Intro: Help for Migraines (and Other Headaches)
Here are a number of safe home remedies and suggestions for preventing and alleviating migraines and their symptoms. I want to emphasize that migraine symptoms can be specific to the individual so some these suggestions may be great for one person and not work for someone else. They’re worth a try though. Nothing here can hurt you and you might find some real relief!
For those of you who don’t get migraines, they are a whole body neurological phenomenon that affects your vascular system, messing up your head and stomach, and generally making you feel like you’ve got food poisoning while you have the flu.
There are medications that you can take to help prevent migraines and medicines that you can take to abort a headache that has already started. But (I know from lots of personal experience) this is often not enough. migraine medicines don’t always work and often work very slowly. So what do you do then?
(Also, migraine medicines can have a rebound effect, so the less you take, the better.)
Here are some things to try:
Step 1: Breathe. Breathe. Breathe.
This is good for everyone.
Pain and discomfort make us tighten up and restrict our breathing. This is the worst possible thing you can do for a migraine. Instead, remind yourself to take deep, slow breaths with long exhales. If you’ve ever done any meditative or deep breathing (lamaze counts here), this is exactly what you’re looking for. If not, try these beginner steps from Harvard Health:
First steps. Find a quiet, comfortable place to sit or lie down. First, take a normal breath. Then try a deep breath: Breathe in slowly through your nose, allowing your chest and lower belly to rise as you fill your lungs. Let your abdomen expand fully. Now breathe out slowly through your mouth (or your nose, if that feels more natural).
Breath focus in practice. Once you’ve taken the steps above, you can move on to regular practice of breath focus. As you sit comfortably with your eyes closed, blend deep breathing with helpful imagery and perhaps a focus word or phrase that helps you relax.

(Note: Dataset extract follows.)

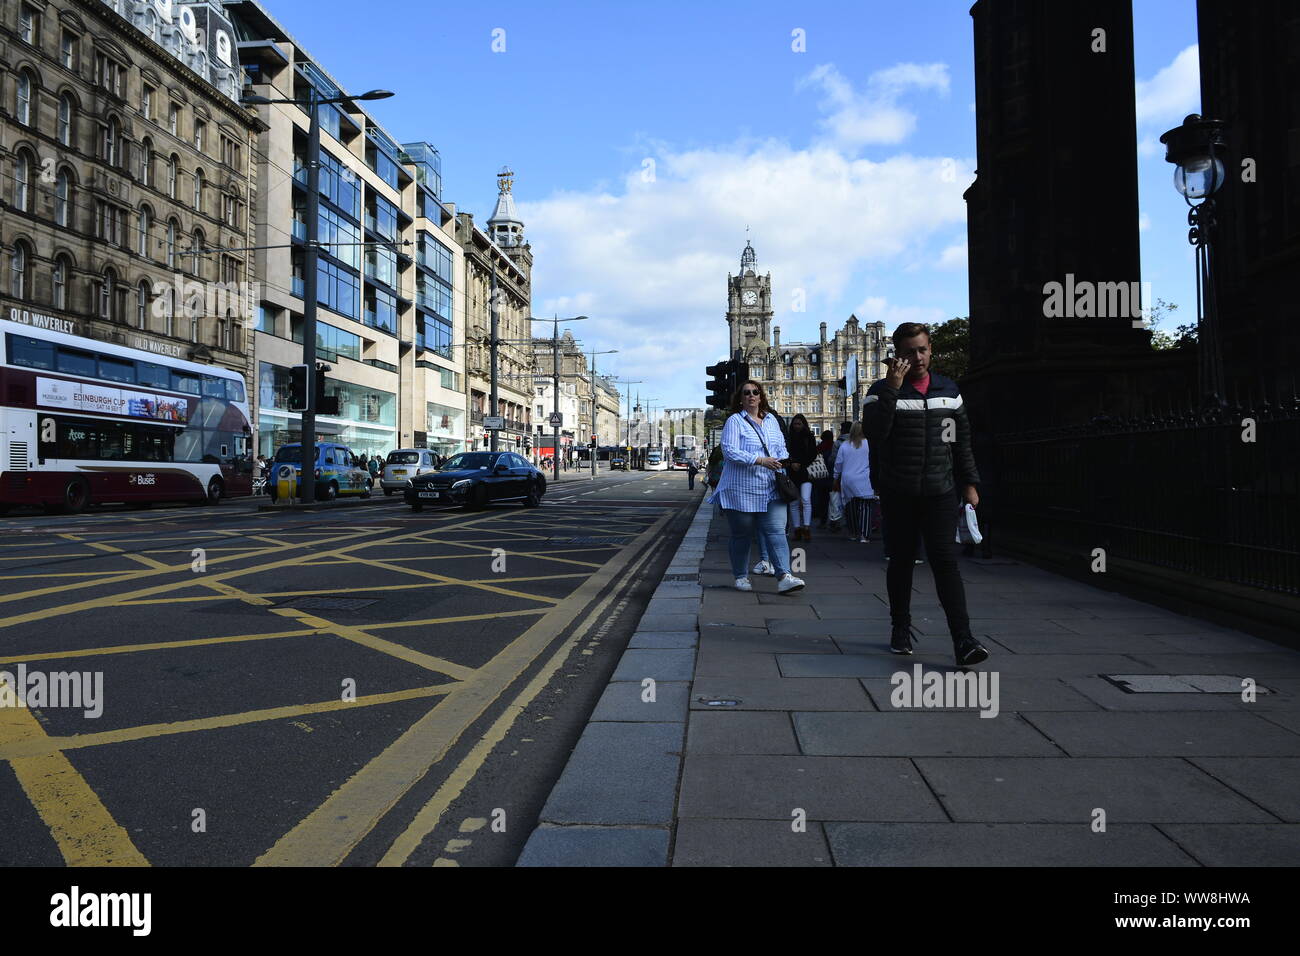 Everyday Life in a City Stock Photo - Alamy

I sometimes do these breathing exercises by counting to 6 or 8 during the inhale and again during the exhale. After a while you don’t need to count anymore.
Step 2: Drink Water
Really. Just water. You may not feel dehydrated, but not being hydrated enough can cause or exacerbate a migraine. Stay away from the sugar and chemicals that can aggravate a headache. So, just water and plenty of it.
Step 3: Eat Some Protein
This will help stabilize your blood sugar. Low blood sugar or blood sugar swings can bring on migraines. A small amount of protein, every 2 – 3 hours, can make a huge difference. Also, eat before you are very hungry.
Step 4: Hot and Cold
This varies for people with migraines. For some people a very hot shower gives relief. For others, popsicles and ice packs are the way to go. Targeting the face, neck, upper back and shoulders with heat or cold can greatly relieve migraine symptoms and sometimes even stop the migraine before it takes hold. Try these ideas and see what helps you. You may find a combination works for you:
* Lie down or sit with an ice pack on the back of your neck.
* Alternate very hot and icy cold (damp) washcloths on your face and neck.
* Put hot packs on the back of your neck and shoulders.
* Hold ice or a popsicle to the roof of your mouth.
* Take a hot shower or bath. Focus the hot water on the back of your neck and shoulders.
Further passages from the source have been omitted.